Palo Alto Weekly

News - November 5, 2010

News Digest

Man lying down on University Avenue hit by truck

A bread truck hit a man who was lying in the middle of University Avenue in downtown Palo Alto at 2:29 a.m. Wednesday morning, police reported.

Ralph Ortiz, 53, of San Jose walked into the westbound lane of the 300 block of University Avenue and lay down behind a cement planter box that someone had pushed into the middle of the street, a male witness told police.

Police Lt. Sandra Brown said the witness reported that Ortiz appeared to drink a beer in front of the Medallion Rug Gallery, then walked into the street and lay against the planter box, hidden from view of the oncoming van driver.

The witness tried to warn the van driver that a man was lying in the road, but the van crashed into the cement box and ran over Ortiz, Brown said.

Police do not know who pushed the box into the street but assume it was Ortiz, Brown said. He was taken to Stanford Medical Center with head injuries and was in stable condition as of Wednesday afternoon, communicating with his doctors, she said.

There is no indication that Ortiz was attempting suicide, Brown said. Police have not determined whether the man is homeless, she said.

The van driver was not injured.

City to add amenities to El Camino Park

When Palo Alto officials set out to build a massive underground reservoir at El Camino Park, their goal was to give residents an emergency water supply, not to provide new play spaces and park amenities.

But city recreation officials are now trying to use the voter-approved project as an opportunity to reinvigorate the park — located across from Stanford Shopping Center — by adding lacrosse striping, a scoreboard, a grassy nook for picnics and a dog-exercise area.

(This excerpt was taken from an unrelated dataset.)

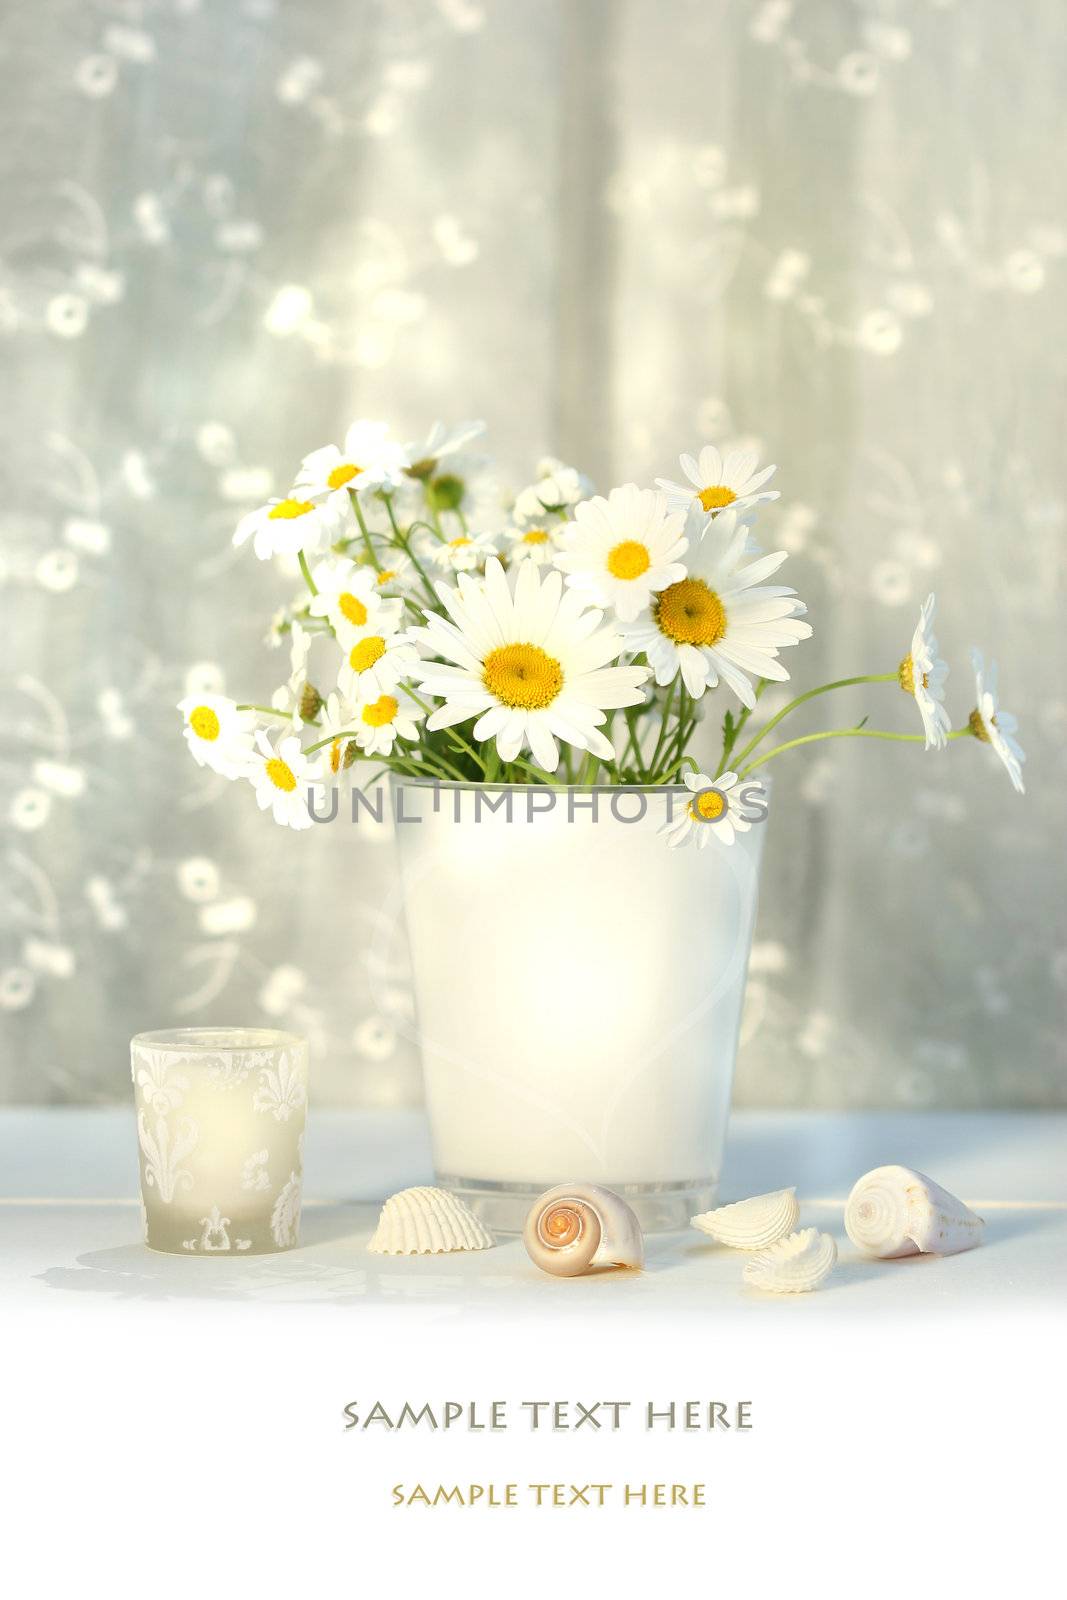 Little white daisies and seashells with white lace curtains

While funding remains a major obstacle, the City Council agreed with the Parks and Recreation Commission on Monday night that park improvements at El Camino should be a high priority.

The council agreed that the opportunity for park improvements should not be squandered, though members acknowledged that finding the funds to make these improvements could prove tricky. The reservoir is funded by a voter-approved bond, and city officials are prohibited from using the bond funds for projects not relating to water improvements.

City officials estimate that the construction of the reservoir will commence in the middle of next year and will take about two years to complete. The reservoir would have the capacity to store 2.5 million gallons of water.

The council asked for more information about the estimated costs of the commission's park projects. Once these estimates are in, the council will decide whether to fund the park projects through a bond or through the city's capital-improvement program.

Ballot shortage causes frustration at EPA polls

Angry voters in East Palo Alto left in frustration without casting their votes after a shortage of paper ballots created long lines that went out the door on Election Day, poll workers said.

Others stuck it out so their votes would be counted.

The line snaked through the City Hall lobby for hours after the ballots ran out and voters had to use electronic machines to cast their votes.

The problem was exacerbated by voters who were reading the ballot for the first time on the machines, each person taking 20 to 30 minutes to vote, Ethan Frantz, a San Mateo County election official, said.

"An insanely long ballot" also added to the long voting times, he said.

The ballots ran out about 3 p.m. and workers scrambled to accommodate voters by getting in two additional voting machines, but those machines did not arrive until 6 p.m., he said.

"We're seeing a lot of irate voters," he added, noting that some voters felt the lack of ballots was meant to disenfranchise voters in the heavily Democratic and minority community.

But Frantz said the problem appeared to be countywide. Precincts in Portola Valley were just as affected as East Palo Alto, he said.

Frantz said voter turnout in many places was much higher than anticipated. In East Palo Alto, the City Hall precinct had 40 percent more voters than in any of his six years serving as an election official.